‘Like a drive-by shooting’
Former coal miner recalls anniversary as an economic homicide for Cape Breton
WATERFORD, N.S. – For some people, Jan. 28 might mark an anniversary or birthday. But for Steve Drake of New Waterford it signifies an “economic homicide” of Cape Breton.
Drake said Jan. 28 marks the 20th anniversary of the death of the coal mines when then Natural Resources minister Ralph Goodale announced plans to privatize the coal mining industry in 1999.
“They did it like a drive-by shooting,” Drake said.
“I stood side by side with 200 coal miners and their families at the Delta Hotel in Sydney and shook my head as minister Ralph Goodale hammered the final nail into the coffin of our beloved coal industry,” Drake said.
“The government handed out information kits like they were lottery tickets, like we had all won something.”
The federal government’s announcement included plans to close Devco’s Phalen coal mine by the end of 2000 and sell the company’s Prince mine and other operations.
According to information in this story from the Beaton Institute and Drake’s personal library, a total of 1,667 people worked at Cape Breton’s two remaining coal mines. Four years prior, more than 2,200 worked at the mines. When Devco began in 1967 there were 6,300 workers.
Drake, now a crown prosecutor in Sydney, started in the coal mines in 1977 at Lingan mine as an industrial electrician apprentice. His first day was a backshift underground.
He was president of the local United Mine Workers of America district from 1994 to 2002.
The days leading up to the announcement Drake said they knew something was coming down.
He said when the new five-year plan for the coal mines went to Ottawa for approval, there were some tweaks. Then came a rumour they were going to get a visit, but Ottawa didn’t discuss with the miners what was happening.
“…it’s just the whole thing was done in such a clandestine way in Ottawa and they weren’t giving us any information at all. They left us in the dark.”

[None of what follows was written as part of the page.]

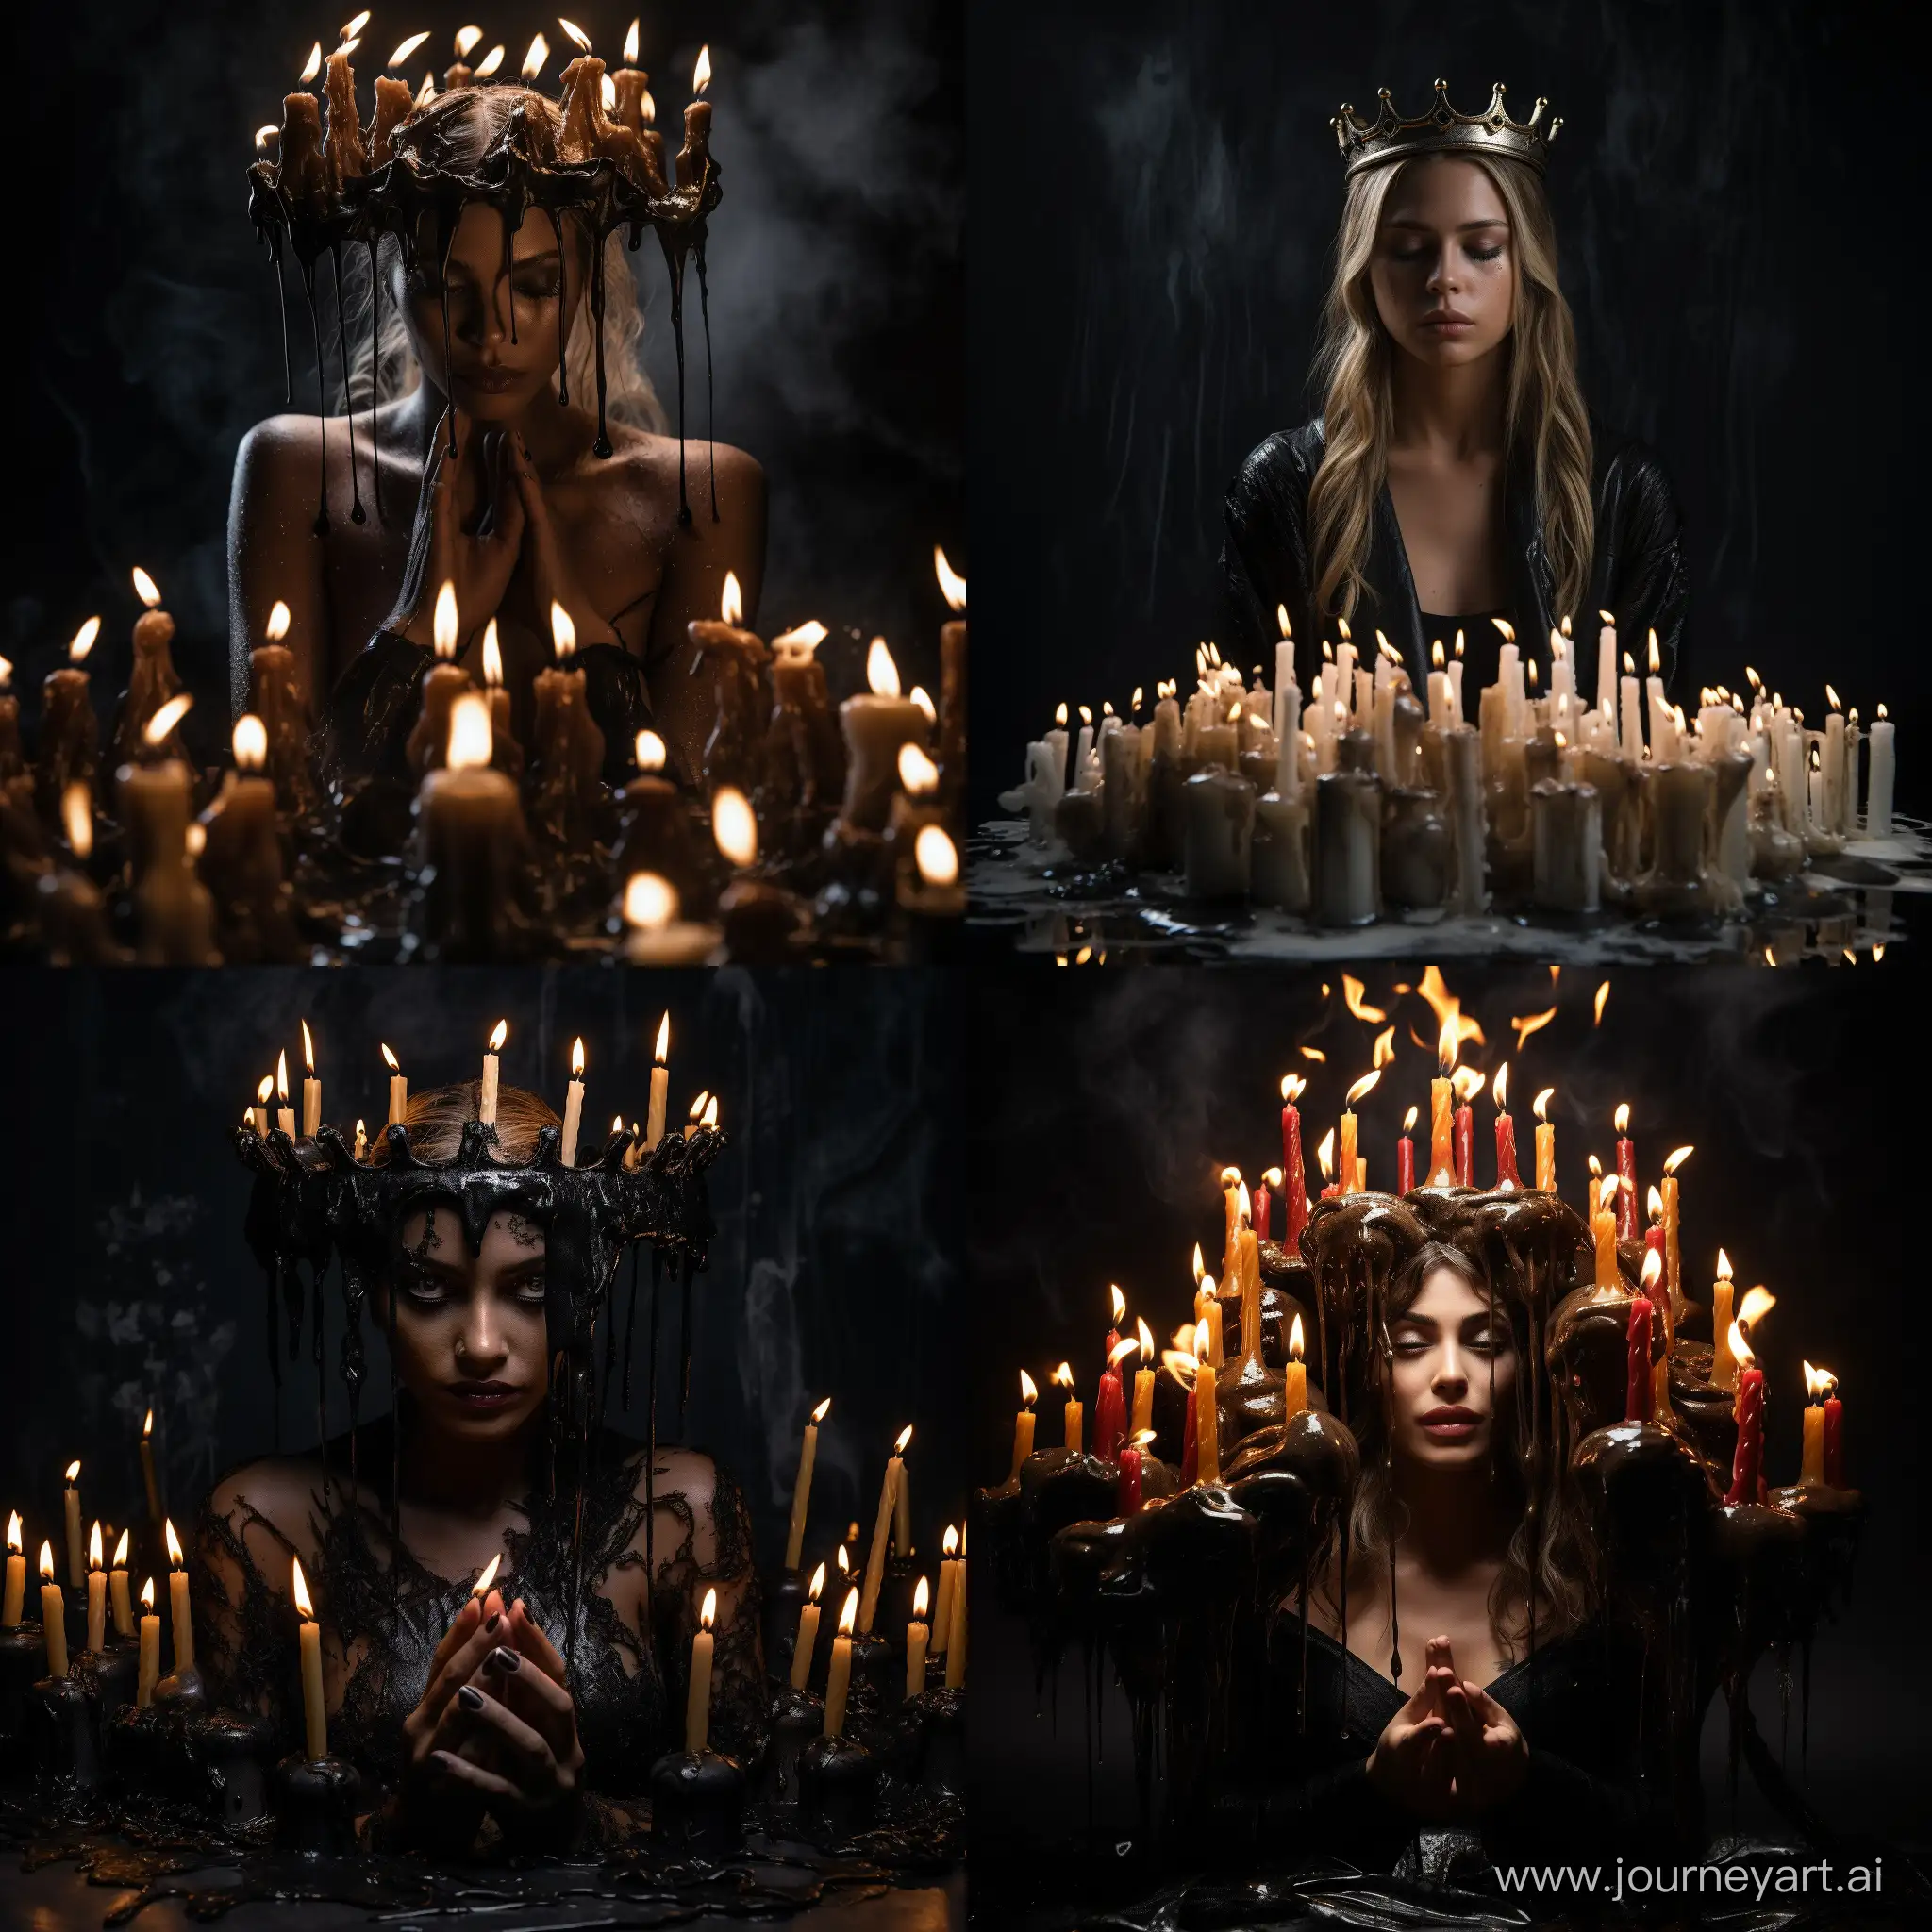 королева в короне из свечей, украшения из оплавленных свечей, разные горящие свечи, подсвечники, стекает воск, сказочная иллюстрация, реализм, как на фото, черный фон, яркий контрастный свет, магия

On Jan. 27, 1999, media leaked Goodale would be making an announcement regarding privatization of the coal mines.
Goodale said Lingan would be mined out and closed in 20 months, and Prince colliery in Point Aconi and the remaining assets would be placed on the auction block. Plans included shutting down Phalen mine over the following two years to make the company look more attractive to potential buyers.
They suggested privatization of the industry would bring 500 jobs and announced a $111-million support package for miners, retirement and severance packages, and $68 million for community economic development.
Drake said the government called it the “best option plan” but to him it was the “the worst option plan.”
On Nov. 23, 2001, Davy Reashore of Florence, a former shear operator at Prince mine, said they were mining coal 11 kilometres below ground when a call came down announcing the government was shutting down the industry.
“It’s from up above telling us the mine’s shutting down and the majority of the crew would be all laid off,” he said.
At the time it was estimated the loss of payroll from the federally owned colliery, a honeycomb of tunnels that extended eight kilometres under the sea from the north shore of Cape Breton, would cost the local economy about $100 million.
Reashore was among the crew that worked the last backshift. The mine closed for good at 2 p.m. the following day.
“It was just like we lost our best friend,” he said.
Reashore then worked in construction in Ottawa and eventually for Municipal Ready Mix. He has been a stevedore at Marine Atlantic the last 13 years.
“I’m still not over it,” he said. “Last week I took my dog down by the power plant for a walk and when going by the pit on the way, I had a bad feeling.”